Today, I live my life far more unscripted. Instead, I am more and more able to "let go and let God." I pray, God, what is YOUR Will for me? As my church's former pastor used to say, "Embrace what the Spirit has to offer. And enjoy the ride!"

[Related Postings: "Pentecost: The Birth of the Church", 5/24/15; "I Live By the Spirit", 5/19/13; "Pentecost", 6/13/11.]

(c) Spiritual Devotional 2016. All Rights Reserved.

Wednesday, May 4, 2016

The Advocate

"Jesus said to His disciples: 'Whoever loves me will keep my word, and my Father will love him and we will come to Him and make our dwelling with Him. . .I have told you this while I am with you. The Advocate, the Holy Spirit, whom the Father will send in my name, will teach you everything and remind you of all that I told you. Peace I leave with you; my peace I give to you. Not as the world gives, do I give it to you. Do not let your hearts be troubled or afraid.' " -- [John 14:23-29].

My son recently celebrated the sacrament of Confirmation in our church.  He is a teen, on the cusp of adulthood.

As a baby, he was baptized. We say "baptized in Christ" -- because at Baptism, the child receives  God's grace, the child is infused with the seven gifts of the Holy Spirit, and he becomes a member of the church and part of the Body of Christ.

At Confirmation, the child becomes an adult in the church. The Holy Spirit is perfected in the young adult, and the Confirmed Christian becomes a true witness of Christ.

For two years in preparation for Confirmation, my son studied, did homework, read Scriptures, performed community service hours, watched films like "God's Not Dead", read books, and wrote, from the heart about his Faith.

My son was extremely nervous about walking down that church aisle, despite all the years of preparation. But Confirmation is a PUBLIC affirmation of our Faith. That long walk down the aisle, to the altar and to the Bishop, is necessary. No, we do not hide our Faith, we celebrate it!!

When we arrived at the church, my son ran into the church, leaving us inside the car. He told us, "I want to do this myself."

My heart sank. I loved that he would possess the independent Faith to celebrate this sacrament with his sponsor, without us. But I was thinking about all the amazing Catholic women in my life who came before me -- my Irish Nana, my Irish mother-in-law, my dearest best Catholic girlfriend who passed away, way too young. I felt that all were in Heaven looking down upon my son. All I wanted was to be a silent observer of his sacrament into adulthood in the church. So I prayed to these women, and to God.

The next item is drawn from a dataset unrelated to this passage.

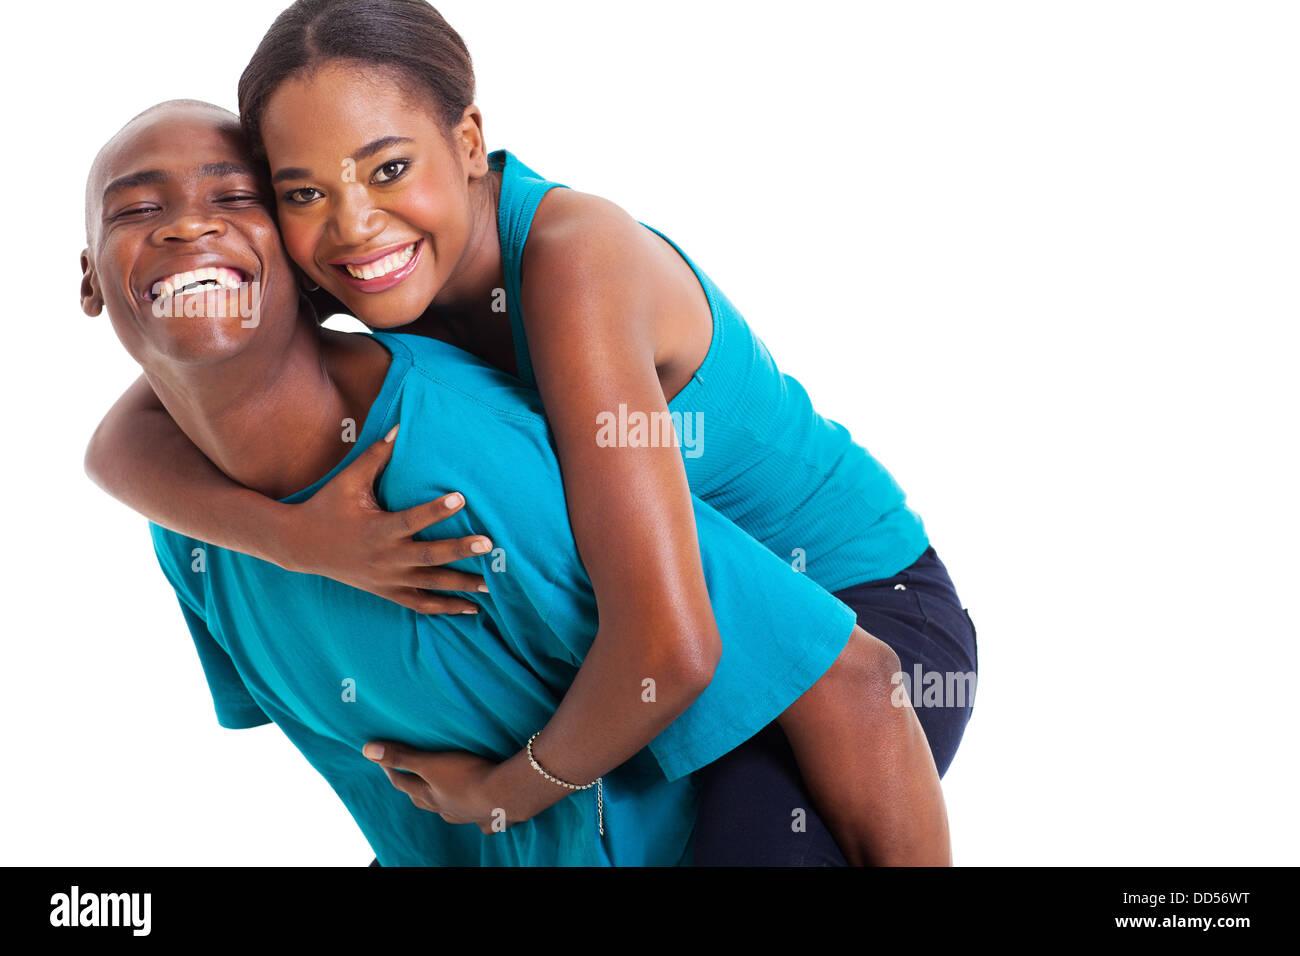 cheerful African woman enjoying piggyback ride on boyfriends back isolated on white - Stock Image

Suddenly, my son emerged from the church. He strode towards us, wearing a long flowing red robe, with a cross seal on his left chest. I had never witnessed him like that. He was positively glowing.

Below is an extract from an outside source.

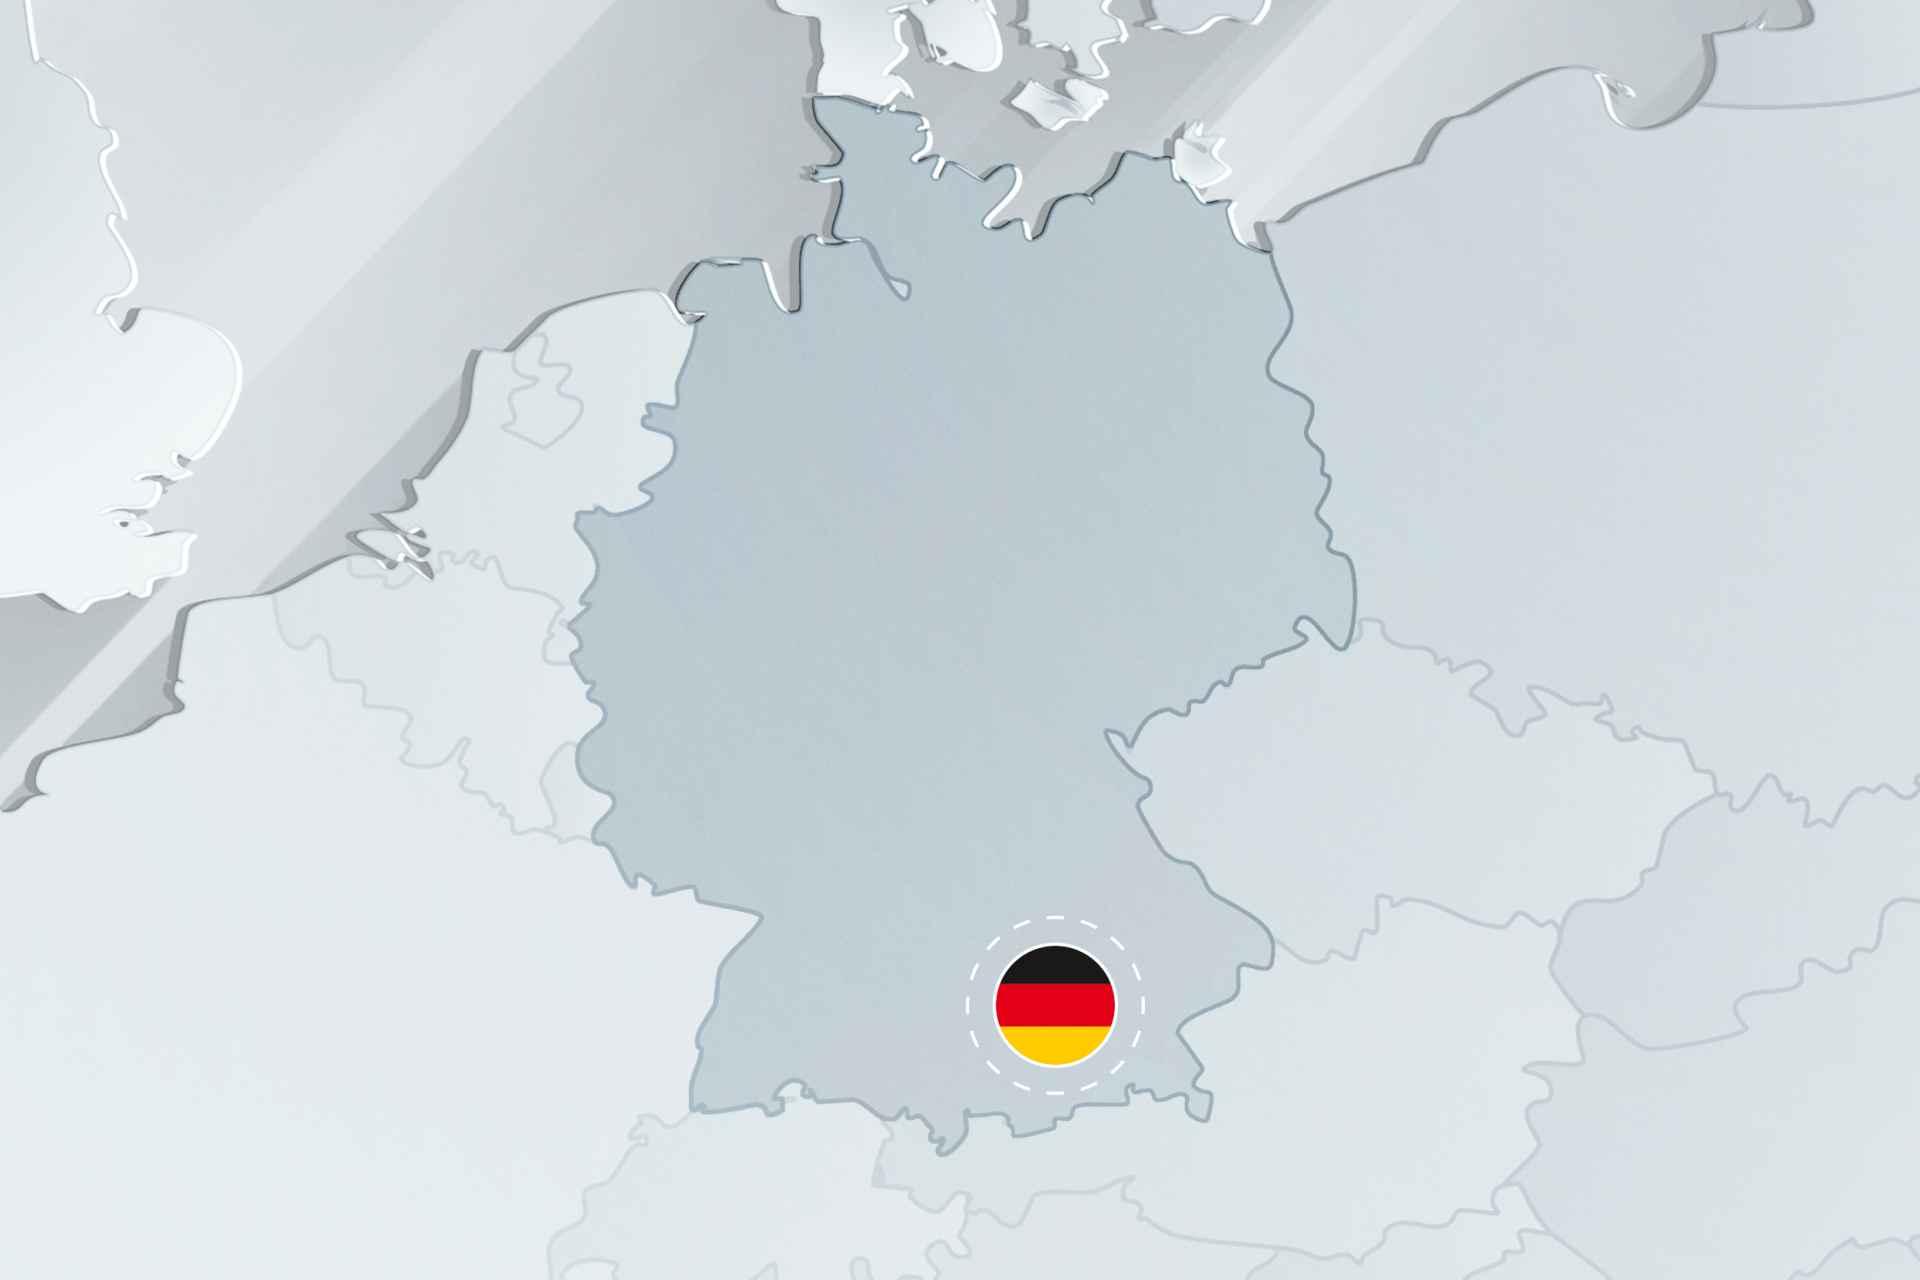 europe-political-map_standort-de

He came and told us, "I changed my mind. I want you to come into the church." I looked heavenward. Thank you, God.

My husband looked over at our son, and said, "What is WRONG with that tree, that he is standing in front of?" I looked over. It was a sycamore, the branches all gnarly, the bark characteristically peeling in shades of brown and tan.

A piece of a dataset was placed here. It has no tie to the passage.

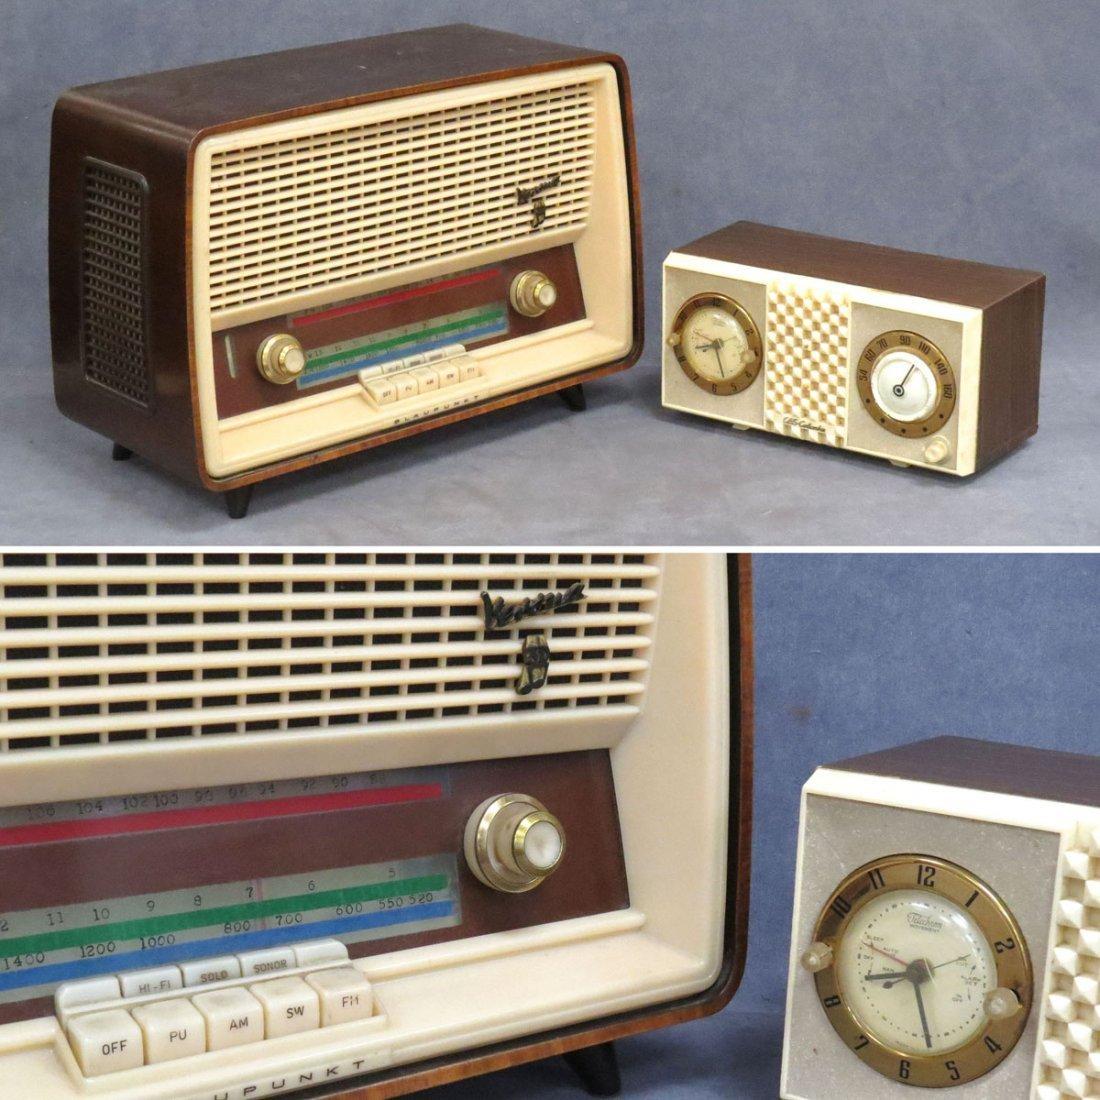 LOT (2) VINTAGE RADIOS INCLUDING BLAUPUNKT VERONA

I said, "O my my Lord! That is SO Biblical!!"

I took a photo of our son in front of that tree -- for posterity.

Now, the director of religious education told me that, during Confirmation, the Holy Spirit completely takes over. I went into that church and we watched him glide down the aisle.

He went first up to the altar, of all the Confirmants. The Holy Spirit was good to him, his anxiety was eased by receiving the sacrament first.

When we went home, I went straight to Scripture. You see, my son had chosen "Matthew" for his Confirmation name. Matthew was a former tax collector who converted his sinful ways, and became a great Apostle.

And the sycamore tree figured prominently in the story of Zacchaeus, who was a chief tax collector. -[Luke 19:1-10]. When Jesus entered Jericho, Zacchaeus wanted to see who Jesus was. But he was short, so he climbed a sycamore tree to get a better view. When Jesus saw him, He said to Zacchaeus, "Zacchaeus, come down immediately, I must stay at your house today." The crowd muttered that Jesus was going to be the guest of a sinner. But, Jesus said, "Today, salvation has come to this house. For the Son of Man came to seek and save the lost."

And that is how I knew that in Confirmation, my son HAD fully received the Advocate, the Holy Spirit.